A large portion of AI-generated answers are explanatory — "what is X," "how does Y work," "what's the difference between A and B." When an engine needs to build that explanation, it looks for a clear, authoritative definition it can quote.

If your content has a section that says "X refers to..." or "A is..." or "the term means..." — that section is doing heavy lifting for your AI visibility. Include definitions even for concepts you assume your readers already know. The "obvious" definition is often exactly what the engine is searching for.


4. Comparisons and Pros/Cons (+55%)

When someone asks an AI engine "which is better, A or B" — one of the largest categories of AI queries — the engine needs structured comparison data. A table is worth more than paragraphs of prose here, because the engine can extract individual data points directly from the cells.

Structure matters. Compare systematically: by price, by features, by use case, by scale. Include "choose A when..." and "choose B when..." decision logic. The engine will pull from it.


5. Step-by-Step Guides (+41%)

How-to content performs well, but only when the steps are discrete and independent. The engine needs to be able to pull Step 3 — and only Step 3 — and have it make sense on its own.

Use numbered steps. Keep each one short and actionable. Avoid embedding critical context inside a step description where it can't be extracted independently.


6. Quotes and Opinions

Quotes do get cited, just at lower rates than data-driven formats. The problem is structural: an engine can't easily "verify" someone's opinion the way it can verify a statistic. If your main goal is brand exposure — getting your company name in the answer — quotes work fine. If your goal is maximizing citation frequency, lead with data.


Why FAQ Pages Don't Help

You'd think FAQ pages would be perfect for AI search — after all, engines are answering questions. But the data shows pure Q&A pages have a small negative effect on absorption.

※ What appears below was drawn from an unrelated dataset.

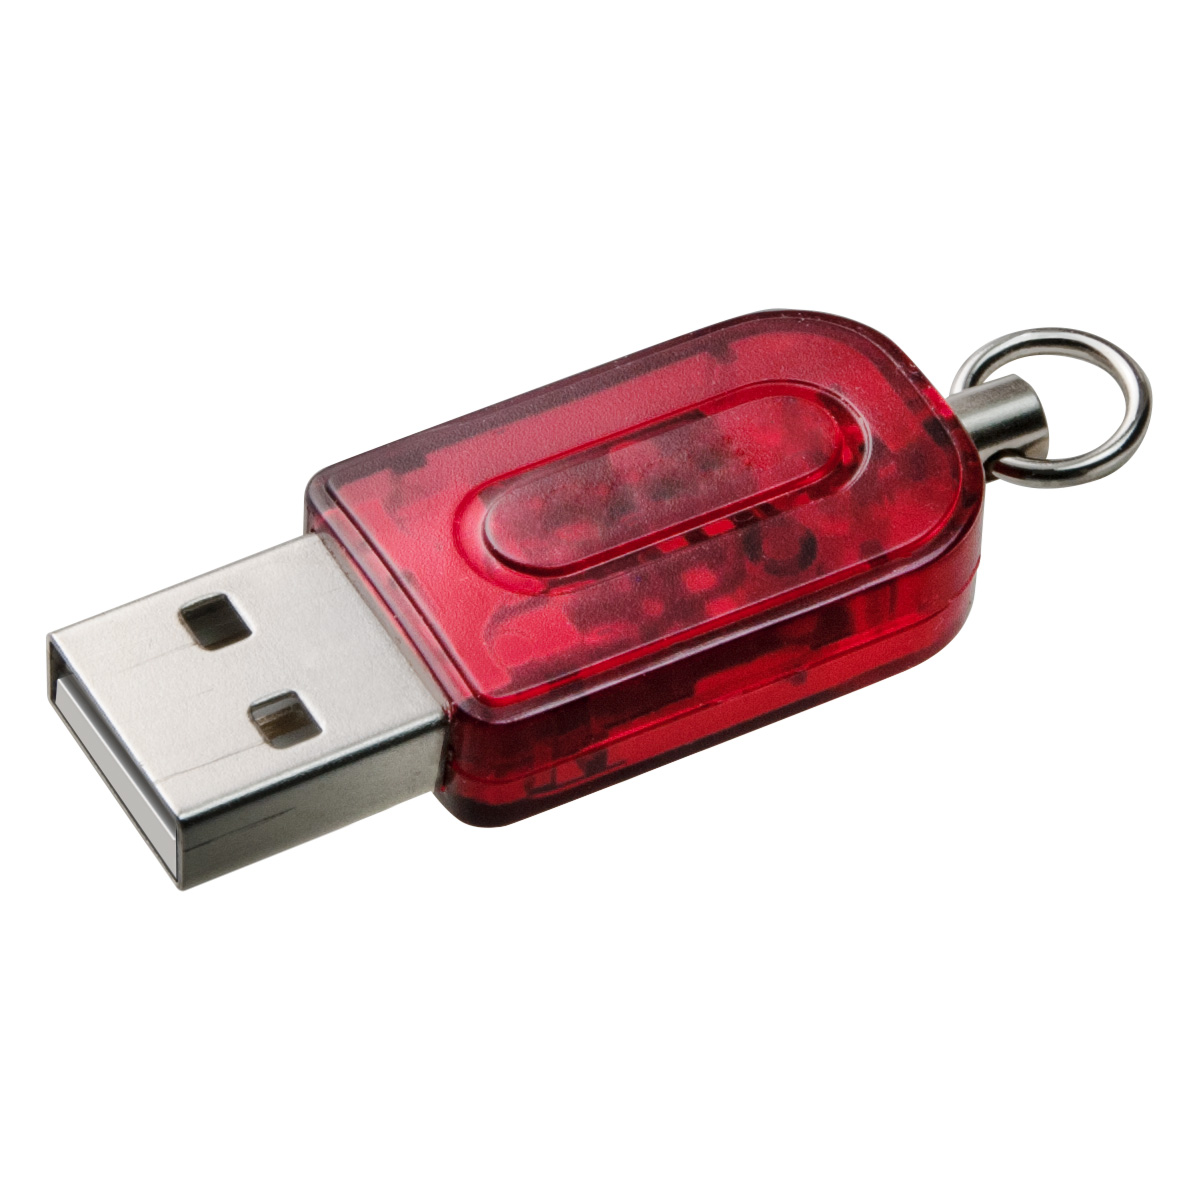 USB-dongle met MagicArt software

FAQ answers tend to be too short to carry context, they rarely include the kind of evidence engines look for (statistics, citations, source links), and the format doesn't give the engine much to build an answer around. A well-argued paragraph with supporting data will outperform a Q&A pair every time.

Keep your FAQ pages for human visitors. Don't count on them for AI visibility.


How to Apply This

Your Page TypeFocus on These
Product pagesNumbers, comparisons
Technical docsCode/config, step-by-step
Industry analysisNumbers, comparisons
Educational contentDefinitions, step-by-step
Case studiesNumbers (results data)
About pageNumbers (company data)

One last thing: don't use just one format. The most-cited content in the study combined two or three — a definition plus a few data points plus a comparison table, for example. Each format gives the engine a different reason to cite you.


Based on: Analysis of 18,151 pages, 21,143 citation records, and 72 extracted features across ChatGPT, Google AI Overview, and Perplexity — measuring evidence genre absorption rates and format-specific citation probability.